"ERECTED BY THE CITIZENS OF GANANOQUE IN HONOURED MEMORY OF THE MEN OF THE TOWN AND DISTRICT WHO FOUGHT AND FELL IN THE GREAT WAR 1914-1918" |
Often for sport the crewmen will ensnare
Some albatrosses: vast seabirds that sweep
In lax accompaniment through the air
Behind the ship that skims the bitter deep.
No sooner than they dump them on the floors
These skyborn kings, graceless and mortified,
Feel great white wings go down like useless oars
And drag pathetically at either side.
That sky-rider: how gawky now, how meek!
How droll and ugly he who shone on high!
The sailors poke a pipestem in his beak,
Then limp to mock this cripple born to fly.
The poet is so like this prince of clouds
Who haunted storms and sneered at earthly slings;
Now, banished to the ground, to cackling crowds,
He cannot walk beneath the weight of wings.
―Baudelaire
When I was a child, my brother and I used to swap stories about “Wonderfulland,” a place where everything was wonderful. The fact that this was a fascinating topic for us reveals that we were only too aware that, counter to a common myth about childhood, the real word we experienced daily was not so wonderful.

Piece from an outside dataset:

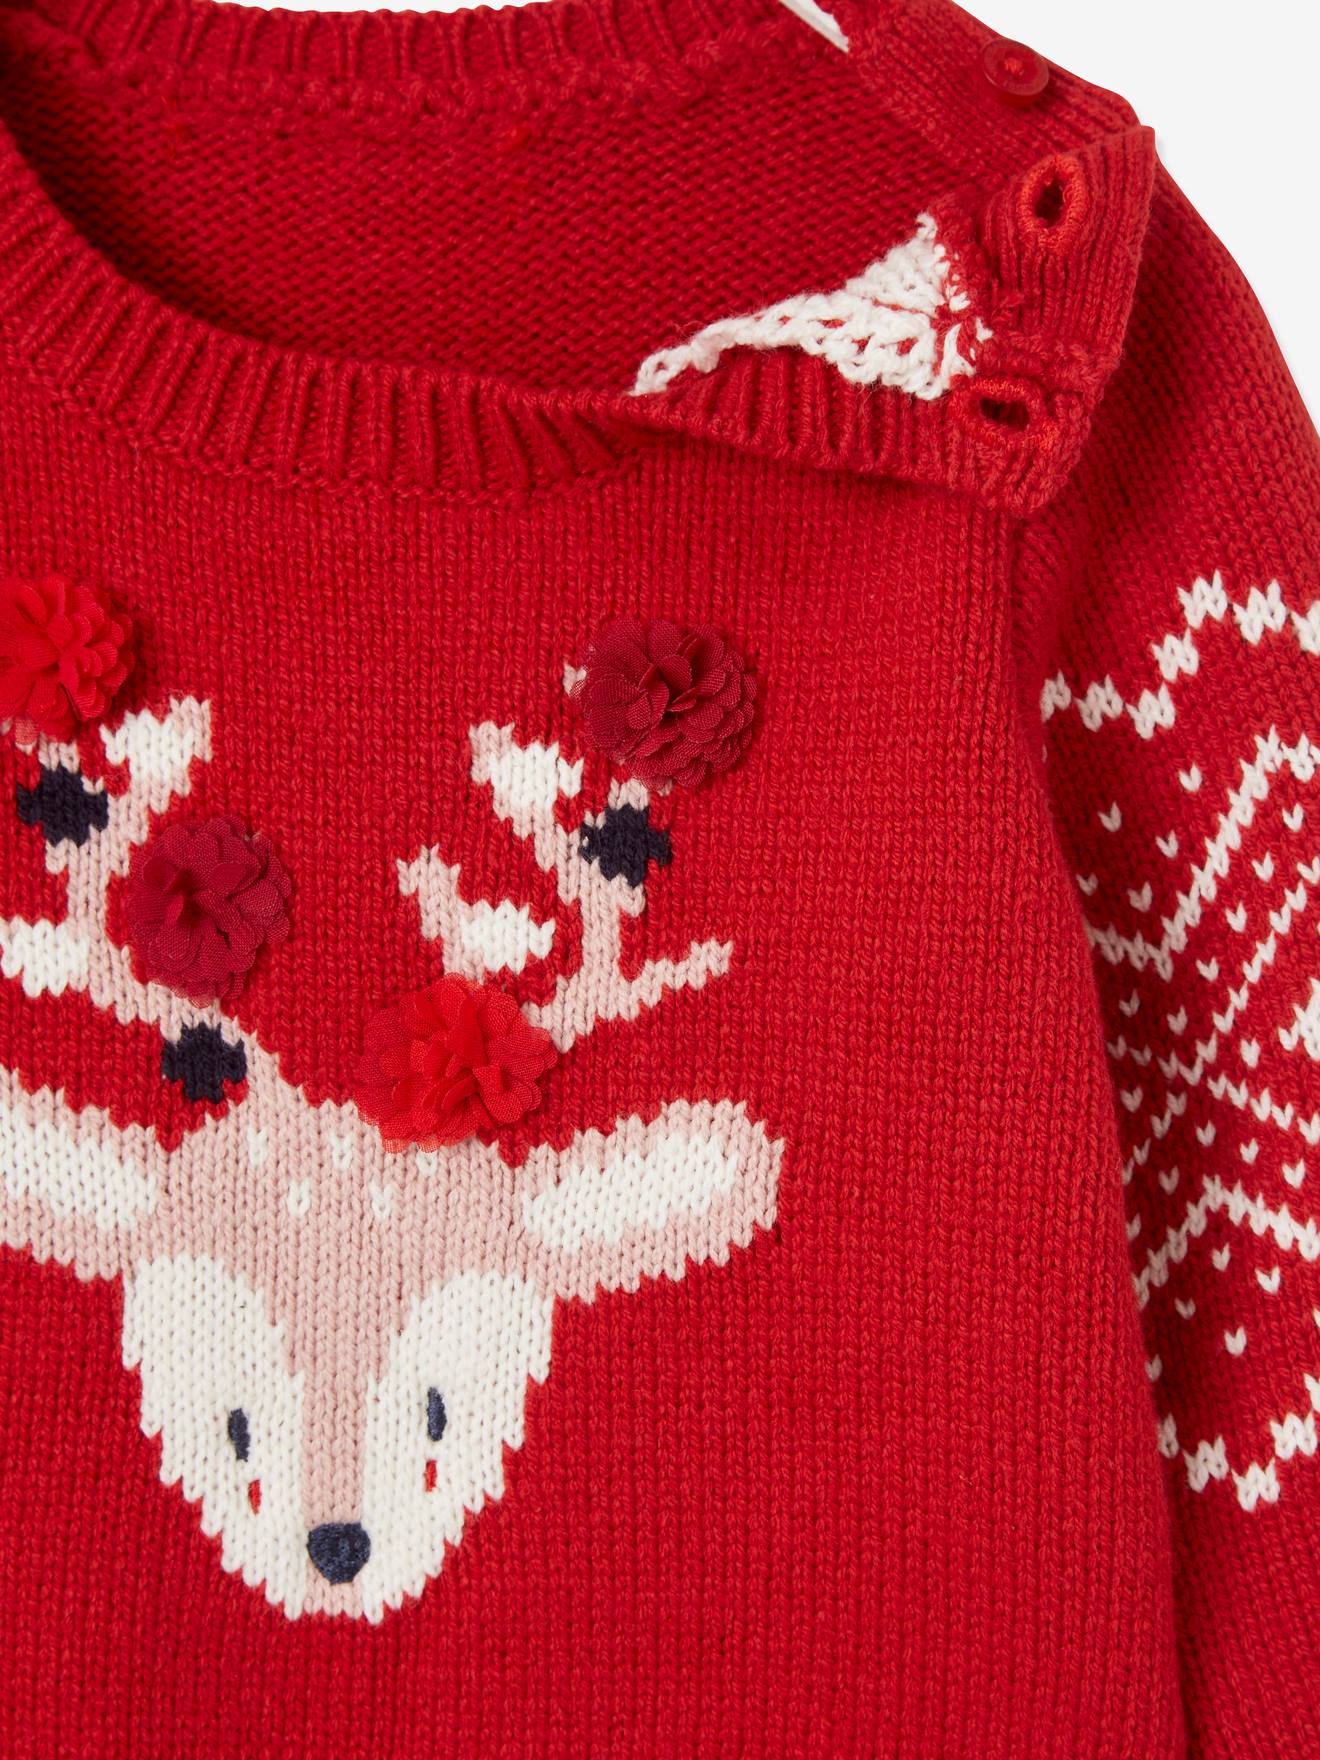 Vêtements de Noël bébé Elk Pullover Nouveau-né chandail tricot coton bébé  Meilleurs vêtements d'hiver pour enfants - Chine Décorations de Noël et  Décoration de Noël prix

I remember my father describing Belmont Park in Montreal as “the real Wonderfulland,” when he planned to take us there. But I knew in advance this could not be true, and the amusement park, although enjoyable, was nothing like it. Wonderfulland was not a place of thrill rides or cotton candy or custard cones. It was a land of stories where imaginary things were real. One area, as I remember it, was the Old West, one was islands of the Caribbean, one had castles and forests, and so on.

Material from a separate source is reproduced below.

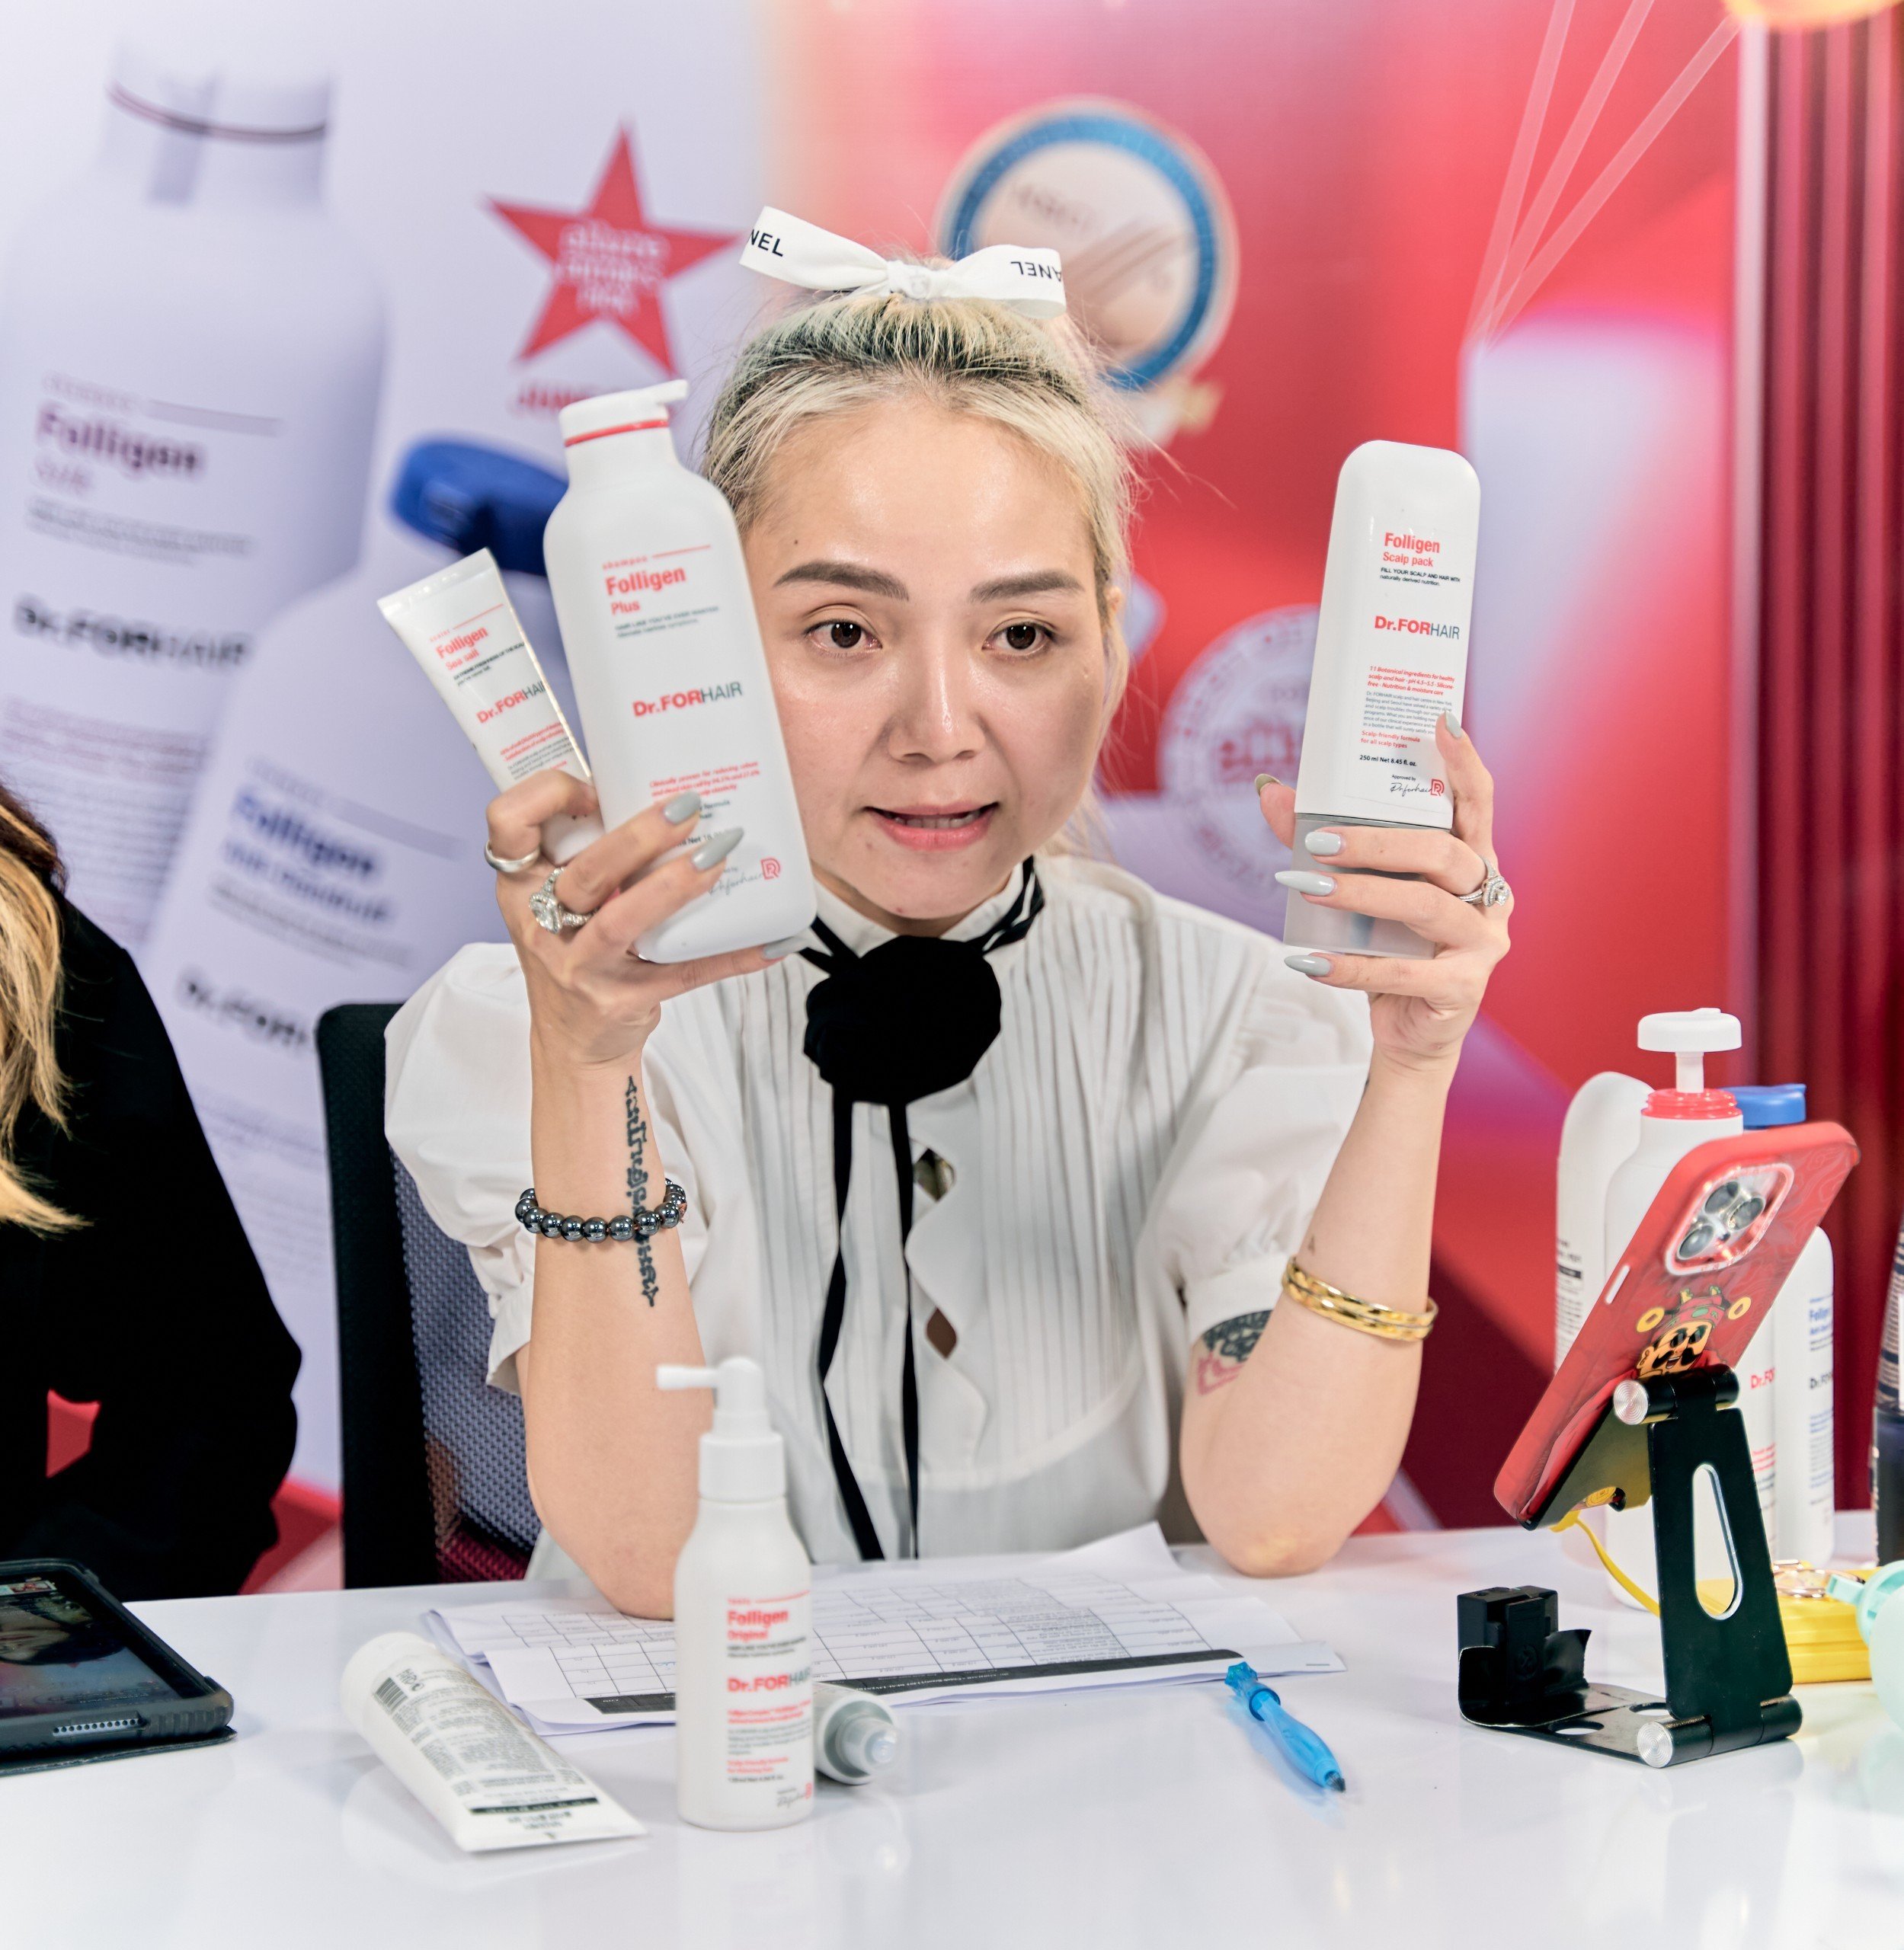 Beauty Blogger Kim Xuyến của Chảnh Beauty đã tự trải nghiệm sản phẩm và công nhận dầu gội của Dr.FORHAIR hiệu quả và an toàn với mọi loại da đầu.

The one detail I remember best is that part of it was Statueland―a garden full of statues.
Why the statues? What did I know of statues? There was, as I recall, only one statue in the small town where I was growing up, of a World War I soldier, commemorating the war dead. It did leave a deep impression on me. We might have seen more statues on a trip to Ottawa; but if so, I cannot remember.
Gananoque, my home town, was also famous for its pink granite. There was a stonemason’s yard on the main street with a display of tombstones.

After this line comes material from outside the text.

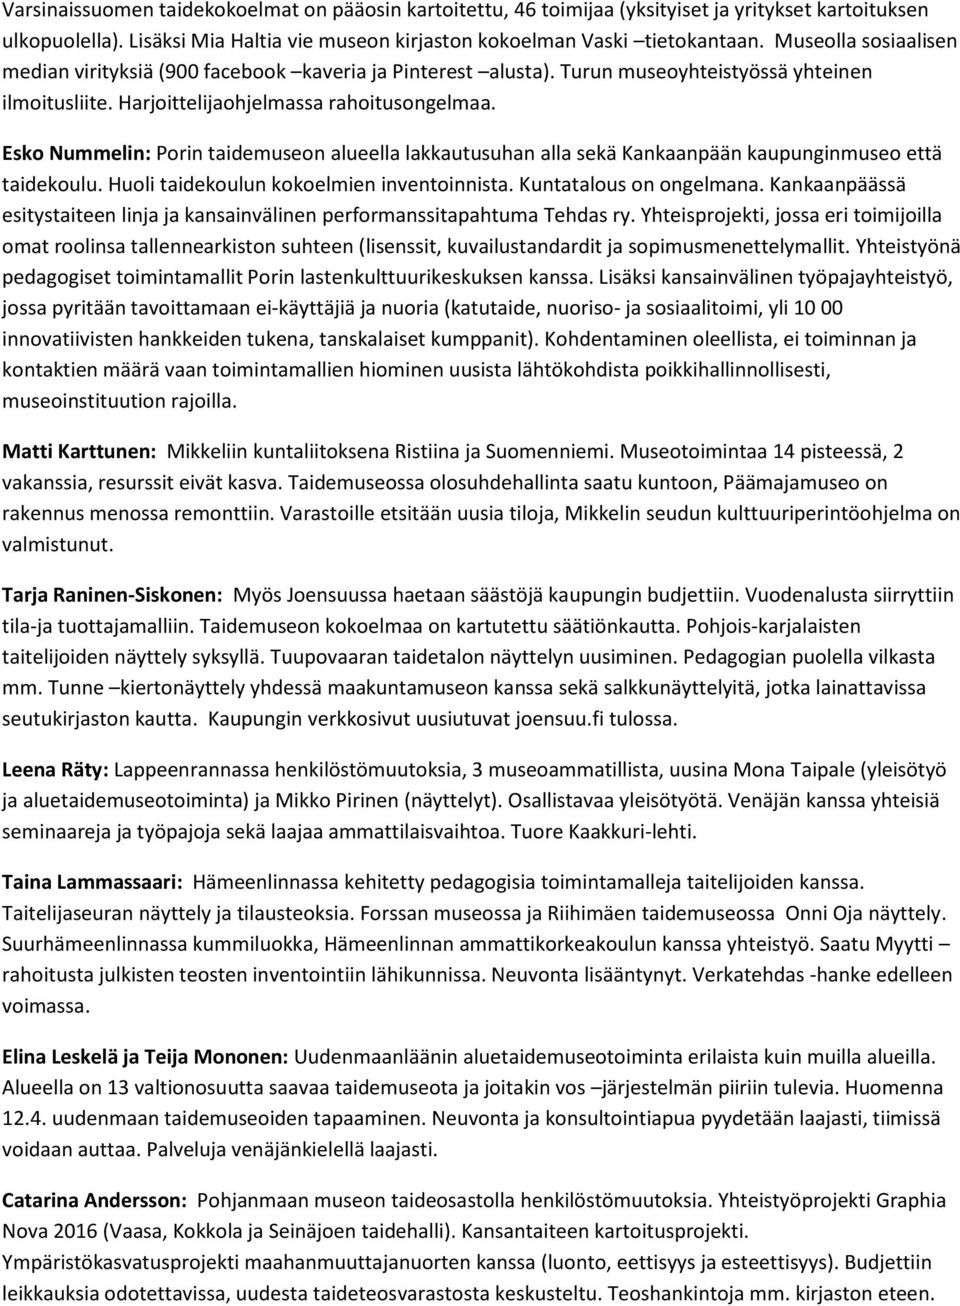 Esko Nummelin: Porin taidemuseon alueella lakkautusuhan alla sekä Kankaanpään kaupunginmuseo että taidekoulu. Huoli taidekoulun kokoelmien inventoinnista. Kuntatalous on ongelmana.

This, along with the war memorial, seems to me the most likely origin of statueland. It was the land of the dead. Perhaps this is why I have always felt a particular fondness for Remembrance Day.
I rather think that Wonderfulland emerged from our—perhaps only my—intimation that there was a heaven. This might have been instinctive, or rather instilled by God. Or it might have been the result of an early Catholic education.
I thought of Wonderfulland the other night while listening to Bruce Springsteen. I had not thought of it, I imagine, for years. Yet the thought came to my mind, out of nowhere, that this was someone who had visited Wonderfulland. There were hints of it in his music and his voice—not anything explicit, but a mood. It was a mood I knew well, I realized, from other art.
The mark of great art is that it has this sense of Wonderfulland about it. Michelangelo has it; it is all over the Sistine ceiling. Shakespeare often openly refers to it; it is his “green world.” Hans Christian Andersen knows it intimately, and his stories describe it in detail. It is where all fairy tales are set. Romanesque art is the art of Wonderfulland. Chagall paints it. Kurelek paints it. Sendak paints it. Blake paints it, and writes about it. Other writers who clearly know it well include Cervantes; Don Quixote is all about the difference between Wonderfulland and the imperfect diurnal world. Yeats, Stevenson, Coleridge, Hesse, Carroll, Dostoyevsky, H.G. Wells, all write about it. It is where the Krishna Gopala cycle takes place. Arthur Koestler chronicles it in non-fiction.
It is perhaps most present in music. I hear it in Cohen, Dylan, George Harrison, Eric Clapton, Diana Krall, Whitney Houston, Prince, Sinead O’Connor, Ian Tyson, Mark Knopfler, Willie Nelson, Norah Jones, Buffy Sainte-Marie. It is everywhere in classical music. They say all art aspires to the condition of music; they speak of the music of the spheres, and of angels playing harps and blowing trumpets. Perhaps this is why: music among the arts is able most accurately to express the nature of heaven.
“Realistic” art is an absurd and a philistine idea. The purpose of true art is not to show the world, not to “hold the mirror up to nature,” other than to shame it. It is to open a window to a vista of Wonderfulland.
Another insight: those who most experience Wonderfulland are inevitably going to be the most dissatisfied with life here below. The contrast is too intense. At the same time, God seems to give the clearest vision of Wonderfulland to those who are suffering, like Andersen’s Little Match Girl, in this life.
“Socrates: And now, I responded, consider this: If this person who had gotten out of the cave were to go back down again and sit in the same place as before, would he not find in that case, coming suddenly out of the sunlight, that his eyes were filled with darkness?"